DeSantis — and Texas Gov. Greg Abbott (R), who has bused more than 10,000 migrants to blue strongholds — say they’re demonstrating that supporters of generous national policies toward asylum seekers are hypocritically foisting their burden on border states.
That premise is nonsense: A large share of migrants awaiting asylum hearings are already in California and in other blue states. And so, in ripping DeSantis’s cruelty, Newsom is demonstrating that blue states support a welcoming national posture toward migrants even though it’s burdening their states.

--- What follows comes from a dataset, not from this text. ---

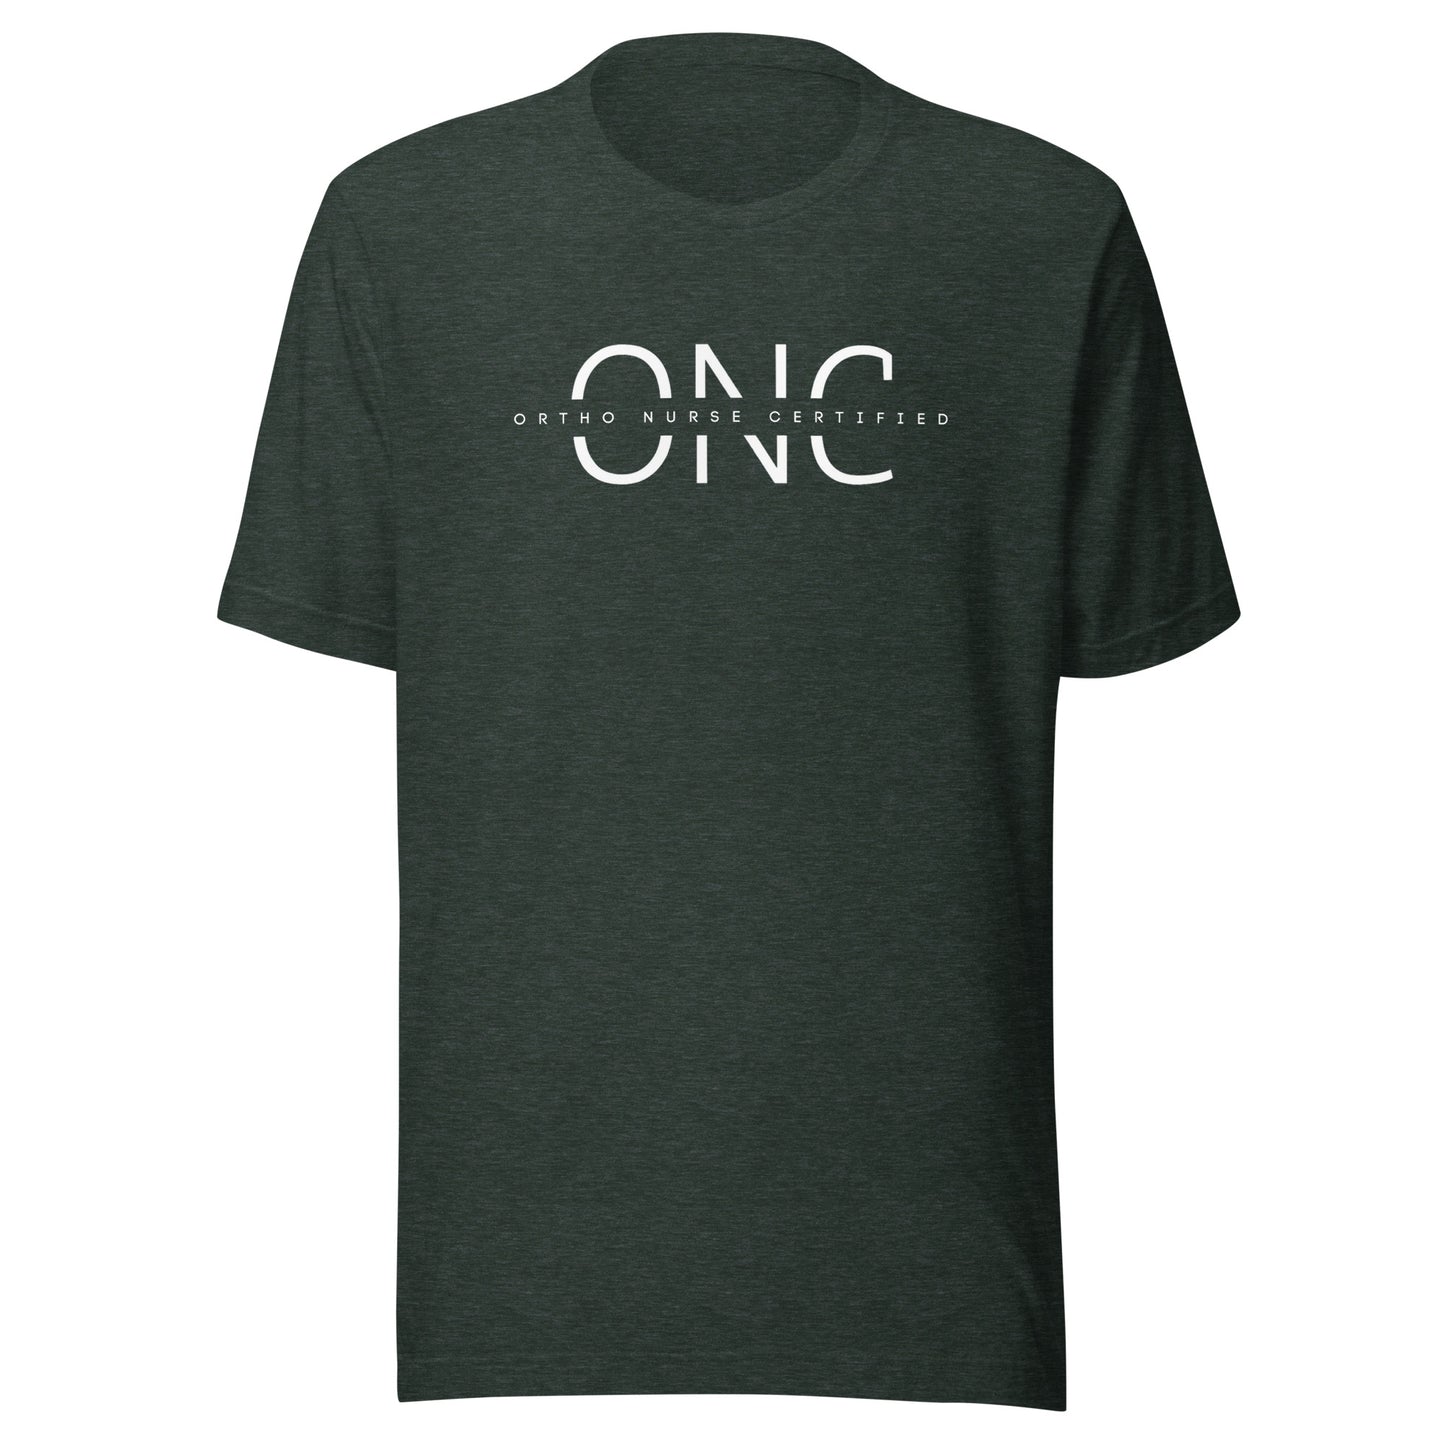 OCN Ortho Nurse Certified t-shirt

The DeSantis-Abbott stunts are not about managing a practical problem. As CNN’s Ron Brownstein points out, they are about demonstrating a red-blue contrast in values, through the literal deportation of migrants from red states to blue states.
And Newsom, by going out of his way to criticize red-state governors, is eagerly joining this fray. He’s drawing more attention to the fact that, on this matter, blue states really do operate from a starkly different set of values — tolerance, generosity, openness — and proudly so.
Meanwhile, this week, Newsom deployed a team of emergency management specialists to Florida, to help with the horrific devastation wrought by Hurricane Ian. Newsom declared that “California stands with the people of Florida,” because California is also very “familiar with the impact of natural disasters.”
Here again, the contrast in values is stark. As the New York Times reports, hovering over DeSantis’ requests for federal aid for Ian is an ugly fact: As a congressman in 2013, DeSantis voted against aid to the Hurricane Sandy-devastated New York region, sneering that aid smacked of a “put it on the credit card mentality.”
Let’s go out on a limb and suggest Newsom is aware of this backstory. Newsom’s declaration, in contrast, is that California recognizes that in an era of escalating, climate-change-driven, extreme weather events, we’re all facing the same calamity and must do so together.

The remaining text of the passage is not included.